Only the lines from the line containing "Windmühle im Lichterzauber" through the final line of the entries should be printed, exactly as given, with the pictures left out.

[[ RECORDS FOR THE EXERCISE, beginning ]]

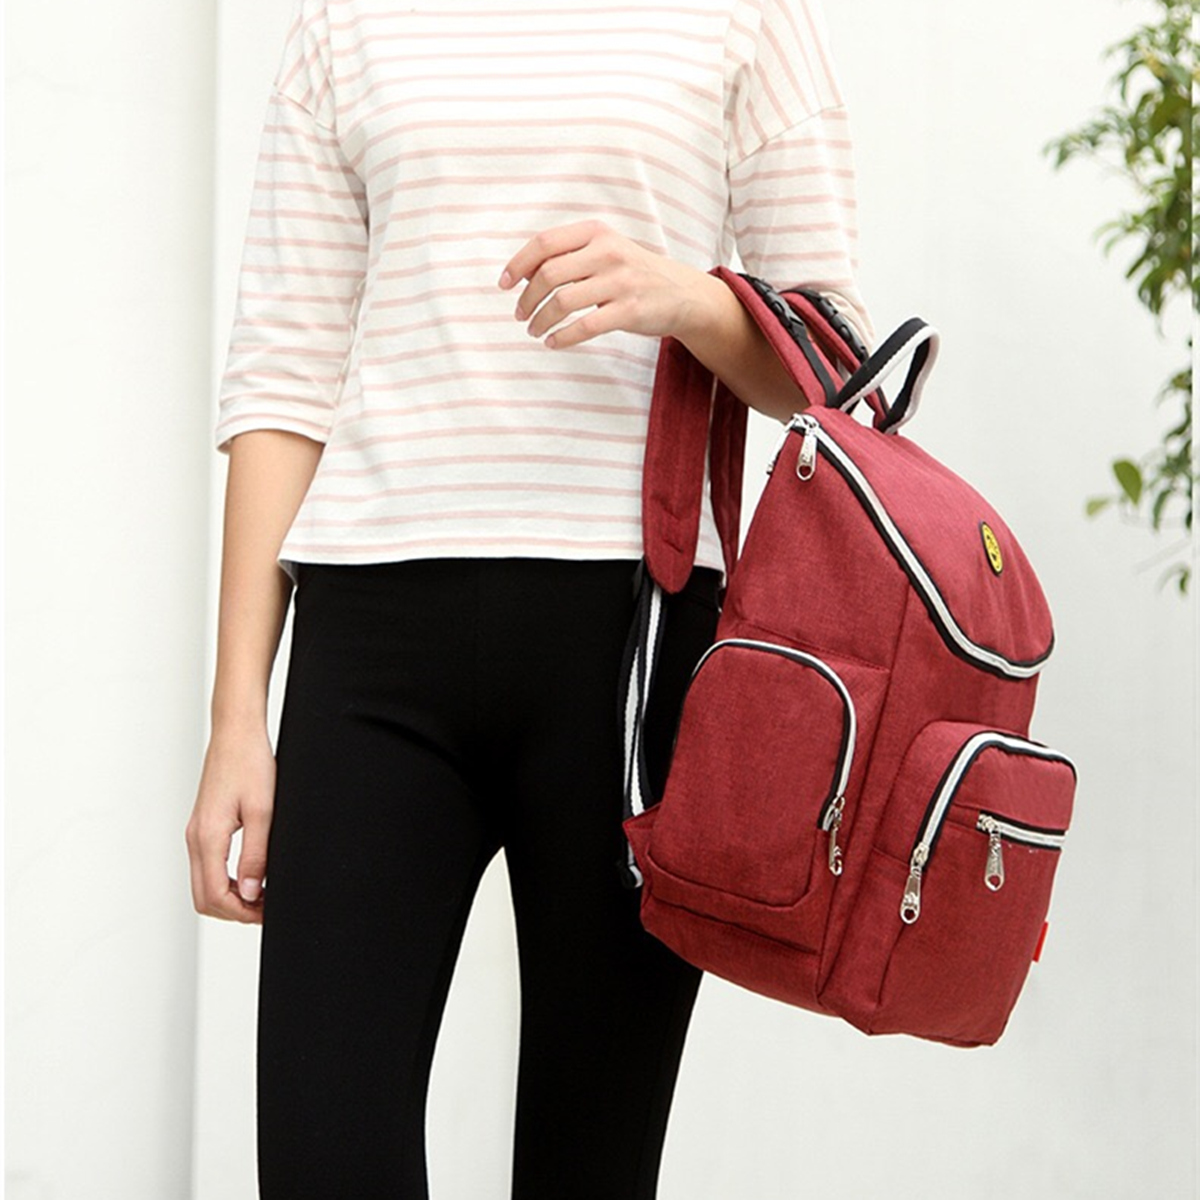 Multifunction-Mummy-Backpack-Stroller-Nappy-Storage-Bag-Shoulder-Bag-Travel-Baby-Handbag-1865828-10
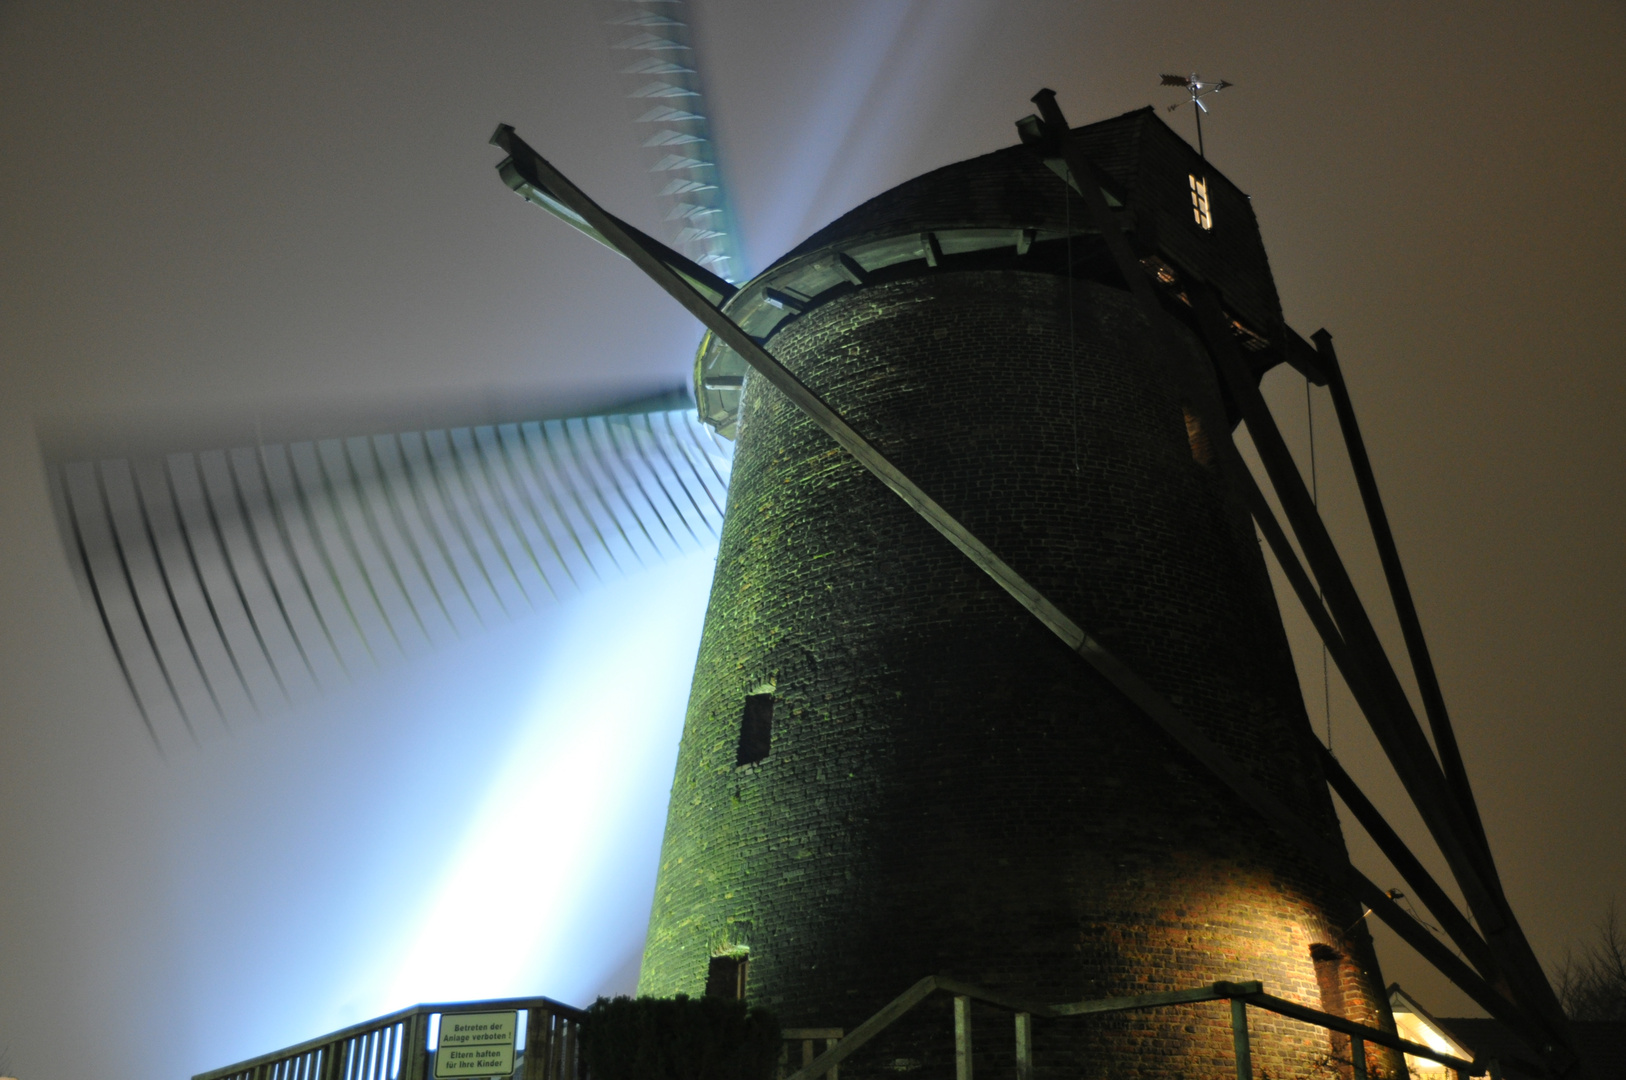 Windmühle im Lichterzauber
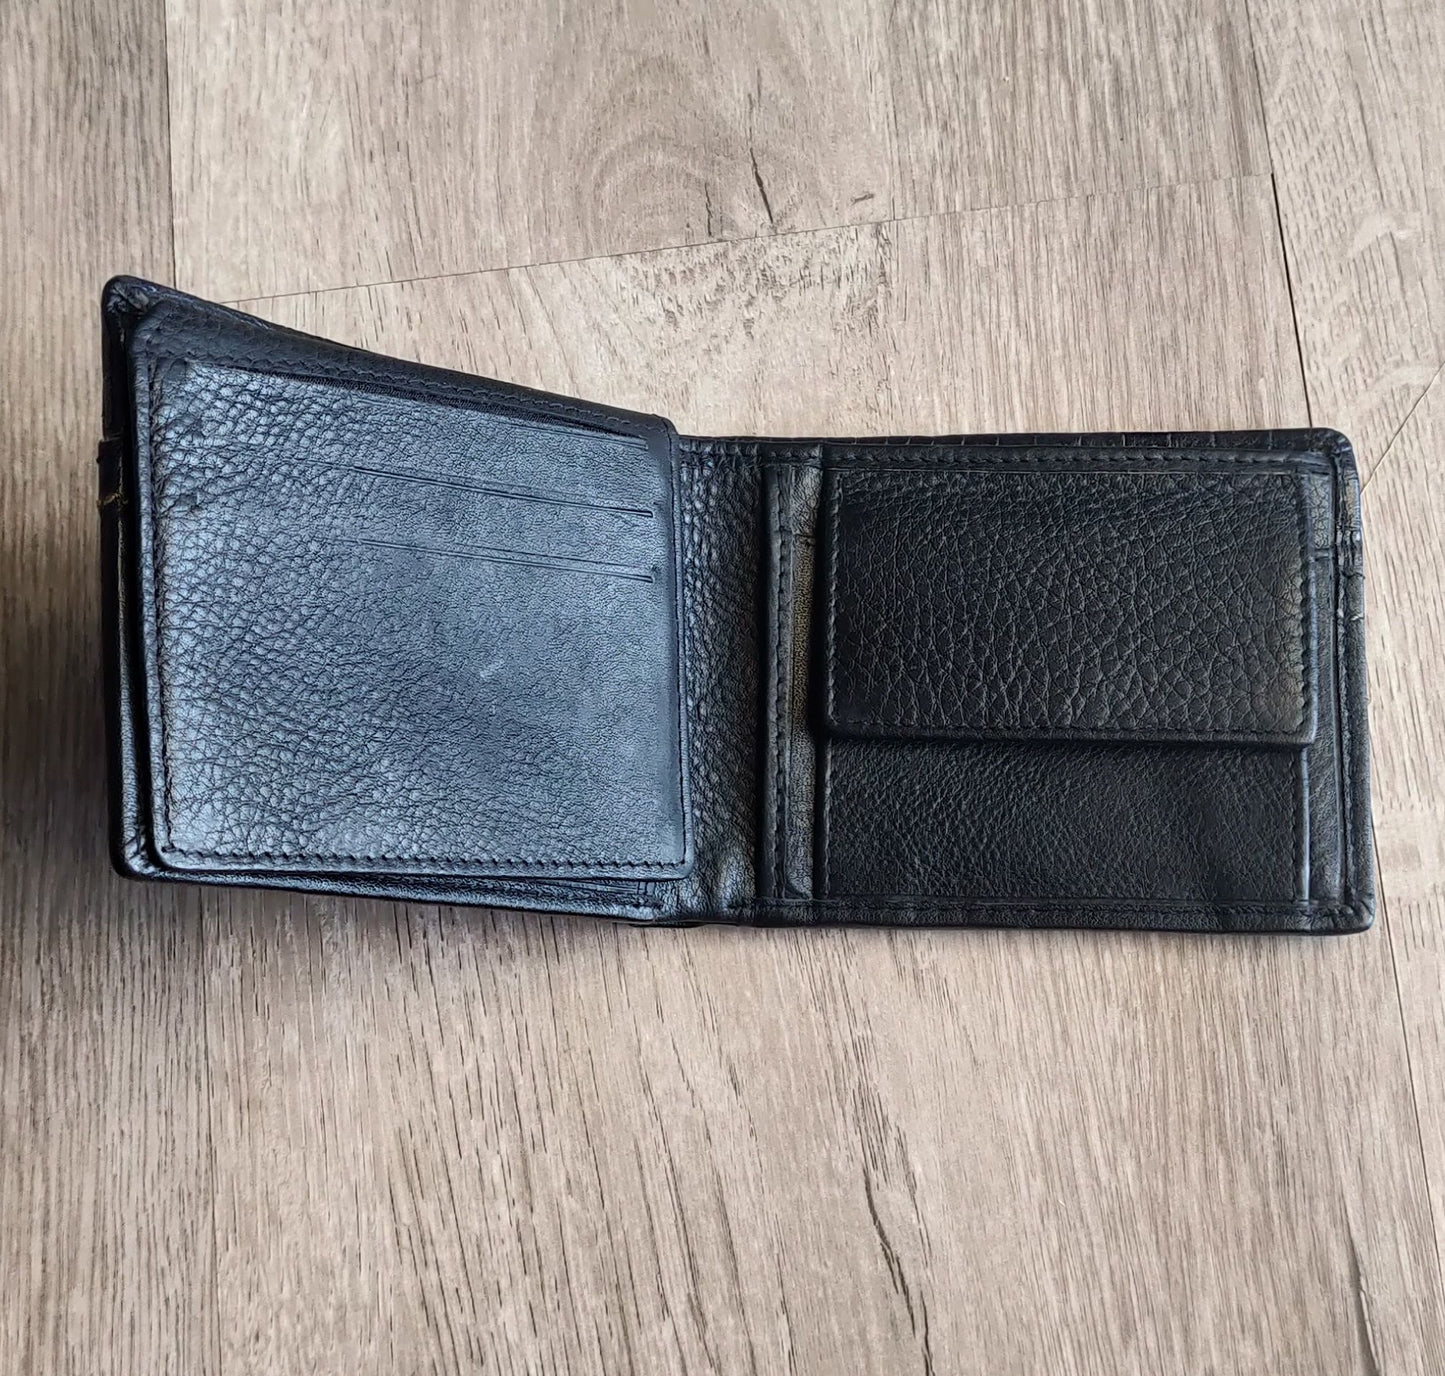 Alagan Opulent Homes Belt and wallet classic combo black
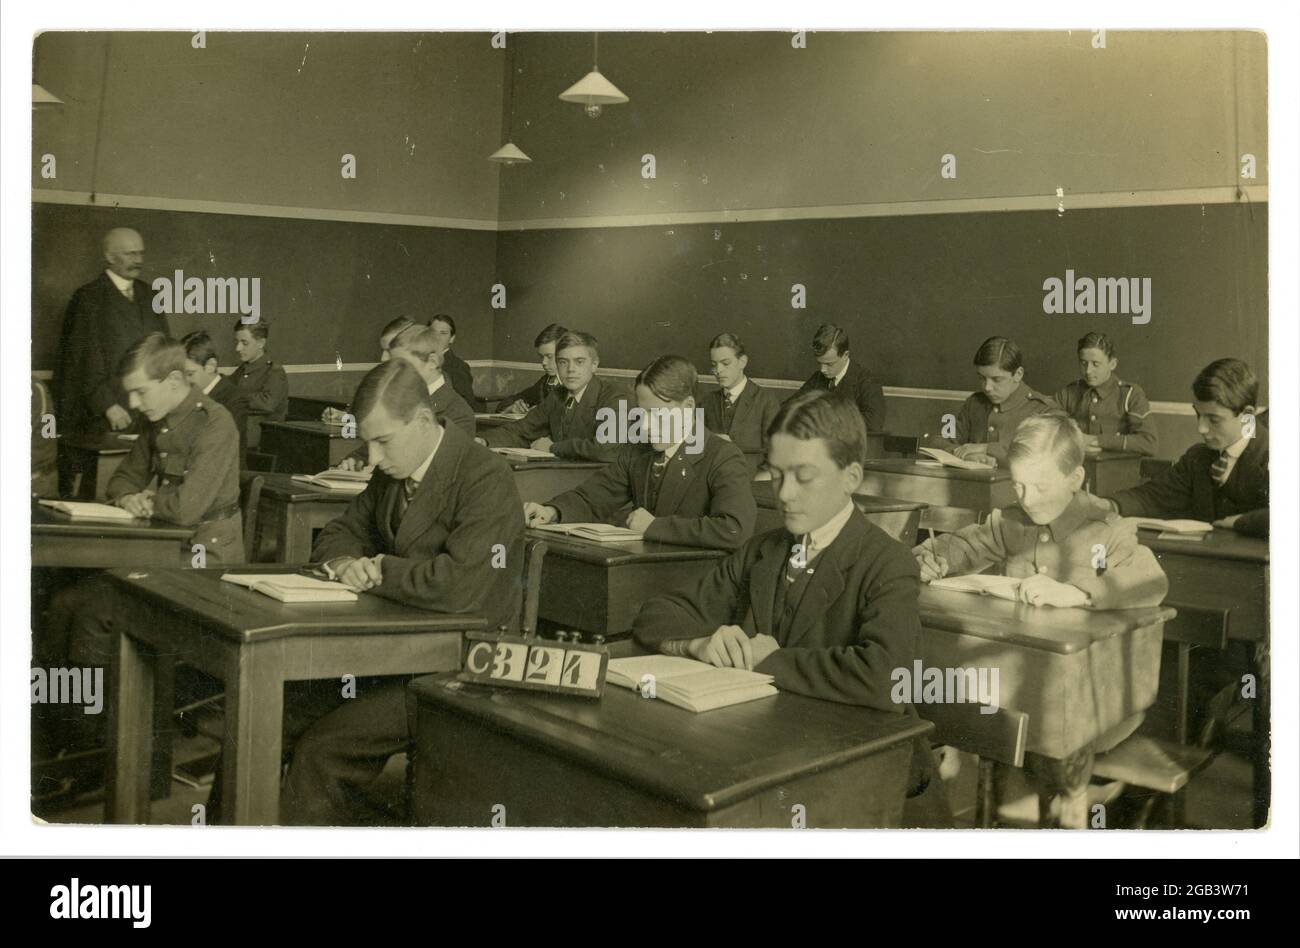 Carte postale originale du début des années 1900, datant de la première Guerre mondiale, de jeunes hommes assis à leur bureau dans une salle de classe, certains en uniforme, du studio de J&G Taylor, 631 Green Lanes, North London, Royaume-Uni vers 1914-1918 Banque D'Images
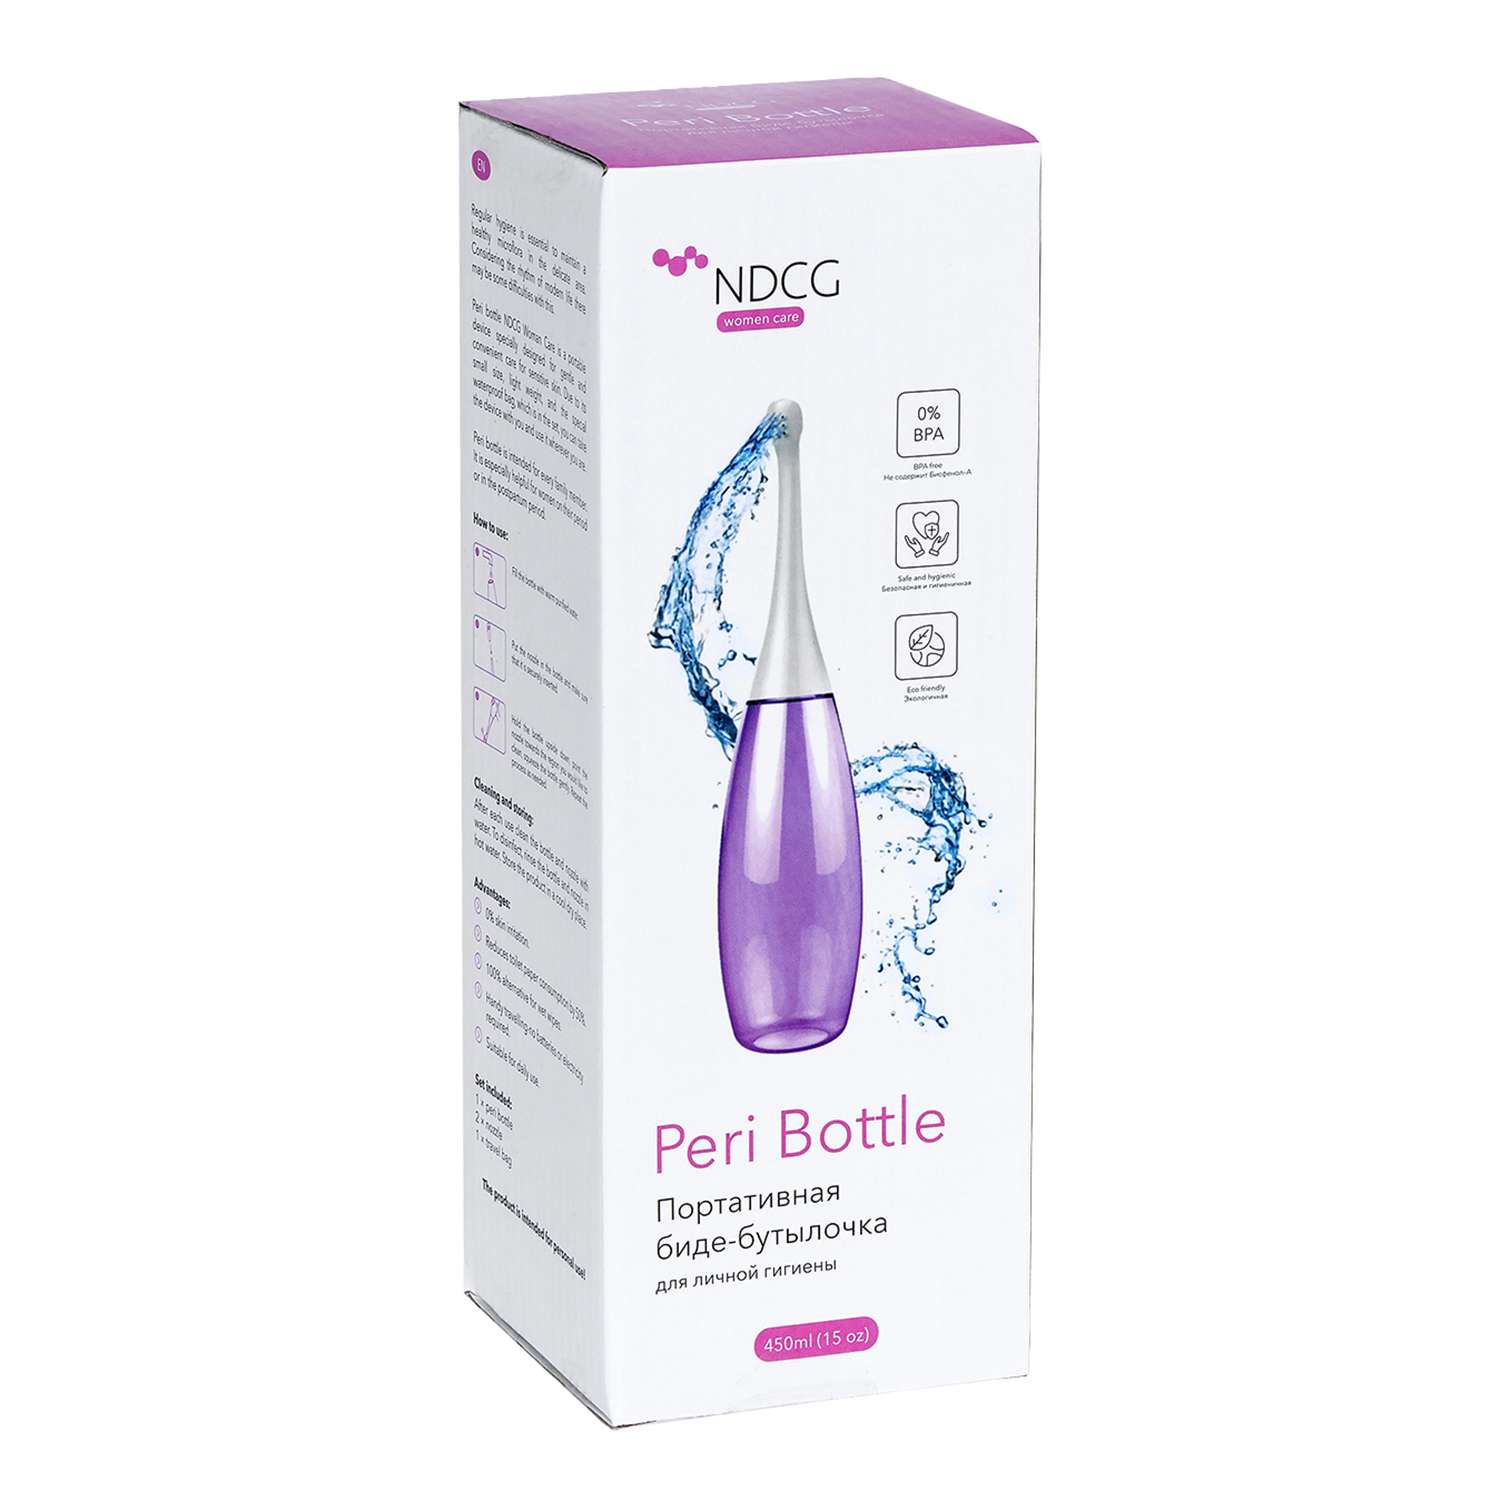 Биде бутылочка NDCG для личной гигиены портативная розовый - фото 8

[[ RECORDS FOR THE EXERCISE, end ]]

* EXERCISE OUTPUT
 Windmühle im Lichterzauber
 Alagan Opulent Homes Belt and wallet classic combo black
 Carte postale originale du début des années 1900, datant de la première Guerre mondiale, de jeunes hommes assis à leur bureau dans une salle de classe, certains en uniforme, du studio de J&G Taylor, 631 Green Lanes, North London, Royaume-Uni vers 1914-1918 Banque D'Images
 Биде бутылочка NDCG для личной гигиены портативная розовый - фото 8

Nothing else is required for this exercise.